Это вопросы на удивление почти социологические – и в то же время это вопросы родства, первородства, наследования. В текстах об Ахматовой, Бенедикте Лившице, Геннадии Горе Юрьев разъясняет литературную диспозицию «демократической интеллигенции» и «дворянской культуры» – но за этим опытом в духе Бурдьё стоит живое и мучительное чувство, что на самом деле объяснять тут нечего, это должно быть самоочевидно: «Советский дичок… наконец-то отдал себе отчет в том, что его обманули, провели – что „возьмемся-за-руки-друзья“ и „дорога-не-скажу-куда“ есть две вещи несовместные, взаимоисключающие. А те, кто этого до сих пор не понял, поймут когда-нибудь. Или нет. Это уже не важно, это – в прошлом». Существенно, по Юрьеву, даже не то, что граница между «демократическим» и «недемократическим» проходит не «между какими-то слоями или социальными группами», а «только между отдельными личностями» и даже «внутри отдельных личностей». Существенно то, что идею одной общей русской культуры, литературы, в которой советский период – органическая часть, можно счесть не только весьма продуктивной, но и аморальной: «Между тем судьба Анны Ахматовой – это история исчезновения людей, расселения домов, разрыва связей. Это судьба города, этого города, как его ни называй». И когда век переламывается, переваливается из первой половины во вторую, этический вопрос приглушается, но не снимается. Он становится вопросом о существовании внутри советской системы – вопросом, который каждый поэт решал по-своему.

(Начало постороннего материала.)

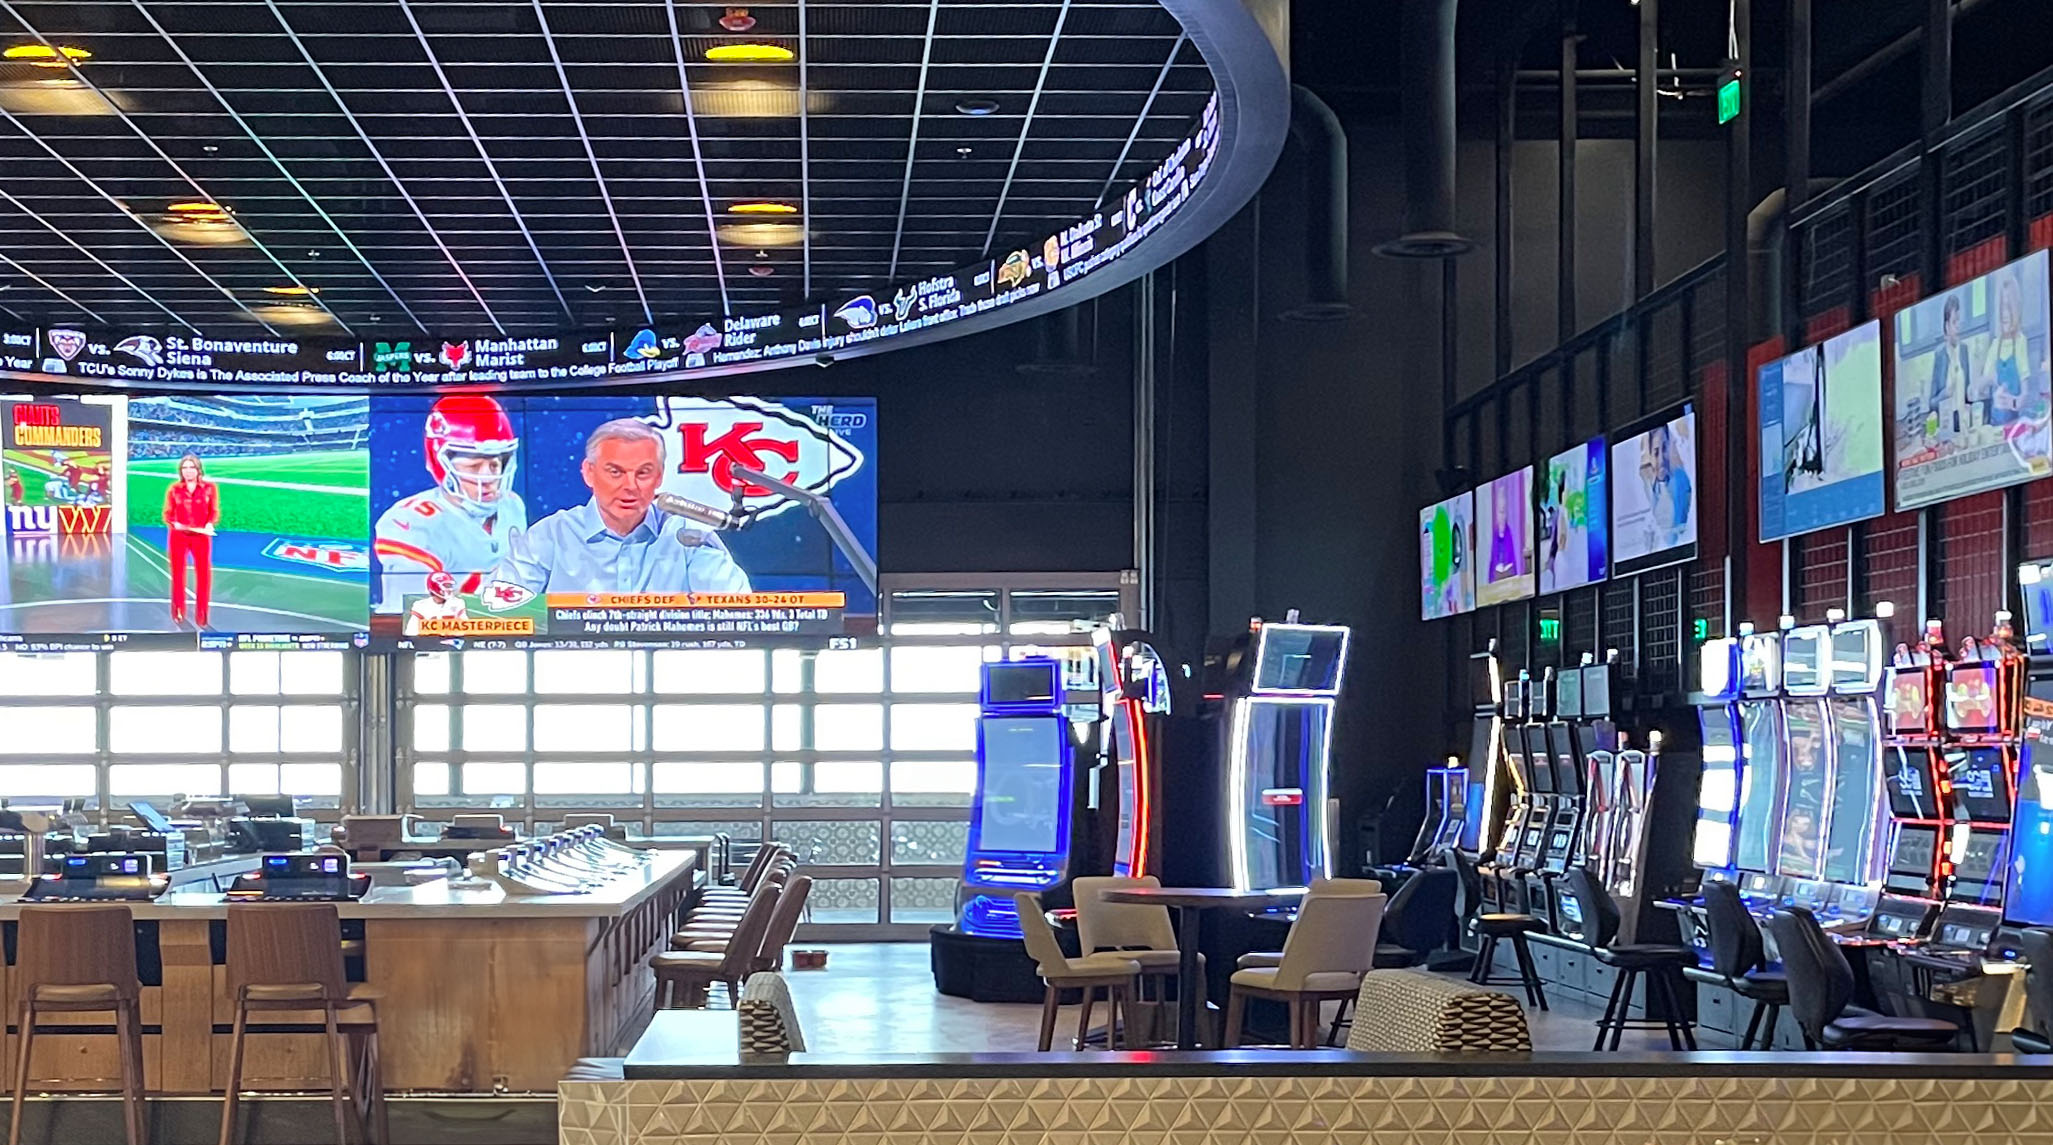 Red Hawk Casino and RGB Spectrum video wall

Потому-то «Ленинградская хрестоматия» – книга глубоко проблемная. В каком-то смысле это антихрестоматия. И ее этическая задача не только в том, чтобы зафиксировать в культуре разрывы, но и в том, чтобы наряду с этими разрывами обозначить, говоря юрьевским языком, зияния – которые поэты XX века заполняли своими стихами и своими телами. Каждое из этих стихотворений – своего рода мост (или мостик) «от переименования до переименования». По этим мостам чудесным образом движутся некие свойства. И задача «Камеры хранения» – в том, чтобы объяснить, что это за свойства. Это зачастую манифестировано даже в названиях юрьевских эссе: «Еремин, или Неуклонность». О Рейне: «Поэт вспоминания». О Бродском: «Ум».

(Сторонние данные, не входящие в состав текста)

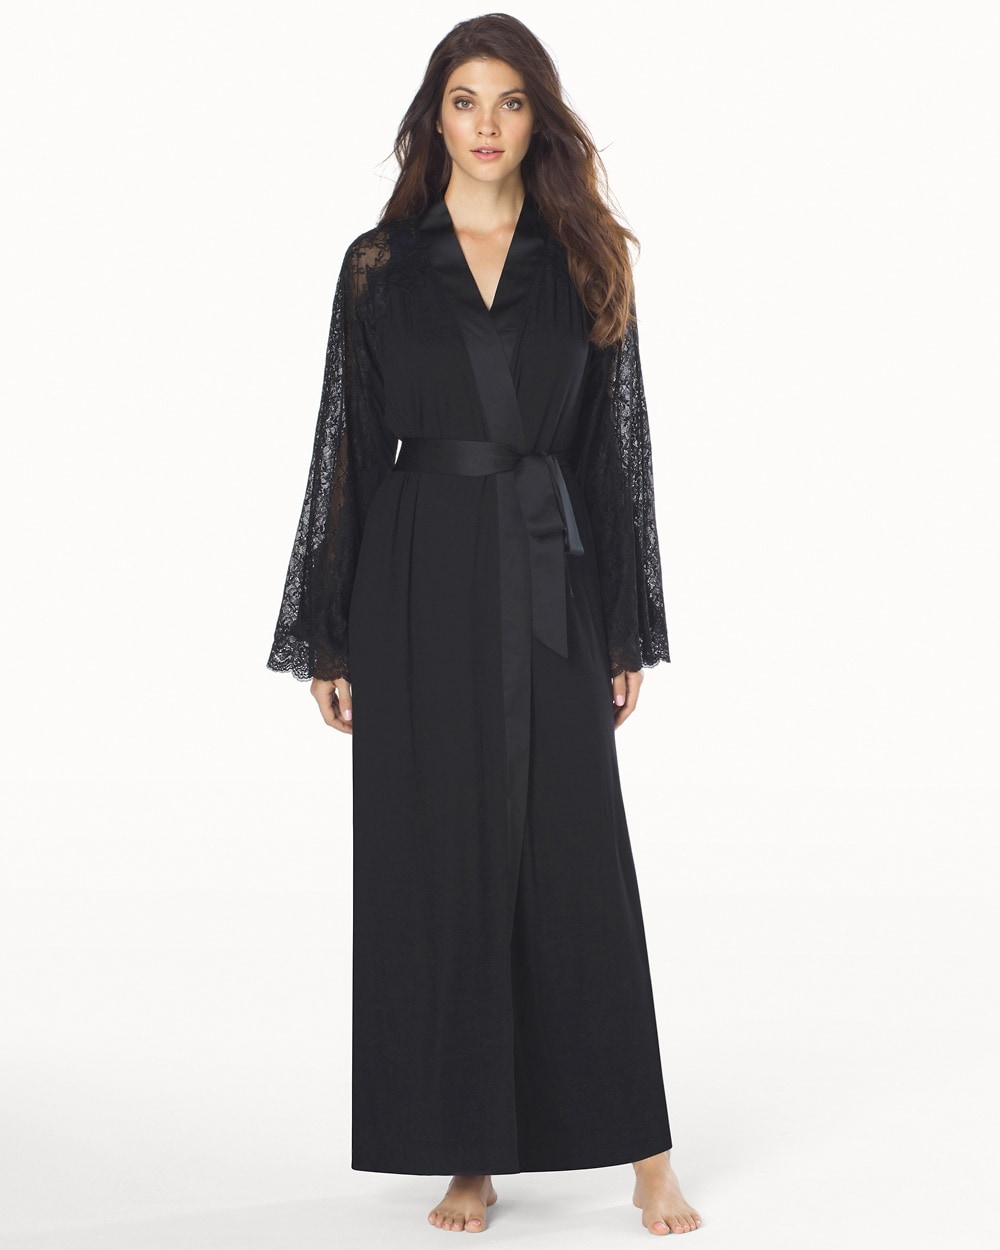 Cool Nights Lace Long Robe Black With Black Lace

И здесь можно было бы начать, как советский путеводитель, рассуждать о том, что Ленинград/Петербург и есть город мостов. Или заговорить о специфической «ленинградскости» стихов (даром что Бродский представлен здесь московским «Рождественским романсом»). Но я этого делать не буду, это прекрасно сделано в хрестоматии. Закончить хочется на другой ноте. Бóльшую часть этих стихов мы давным-давно знаем и любим, иные – с детства. Большинство статей Олега Юрьева мы читали в его прекрасных сборниках эссеистики. Но, соединенные вместе – живой предмет и его живое, страстное и пристрастное осмысление, – они образуют третью сущность и венчают большой культурный проект Олега Юрьева и его сомышленников. То, что антология завершается стихотворением самого Юрьева (чье наследие опубликовано далеко не целиком и ждет полного издания), совершенно естественный жест, дань благодарности и признание масштаба.
Сапега. Ворсинки и катышки. Стихи разных лет, 1975–2019. М.: ИД «Вездец», 2019. Сапега. Другая весна. М.: ИД «Вездец», 2019
У Сапеги (он же Михаил Сапего, основатель издательства «Красный матрос») большая библиография, и на всех его книгах, изданных в XXI веке, слово «Сапега» стоит как trademark. Два сборника, выпущенных новоявленным издательством «Вездец», – это большое избранное и собрание танка и хайку. Все известные самовосхваления Сапеги здесь есть – от «я сапего неплохое / я хорошее сапего» до «снял носки (благодать!) / и сижу… – / сапега сапегой!». Мало кому в русской поэзии повезло быть настолько уверенным в своей идентичности.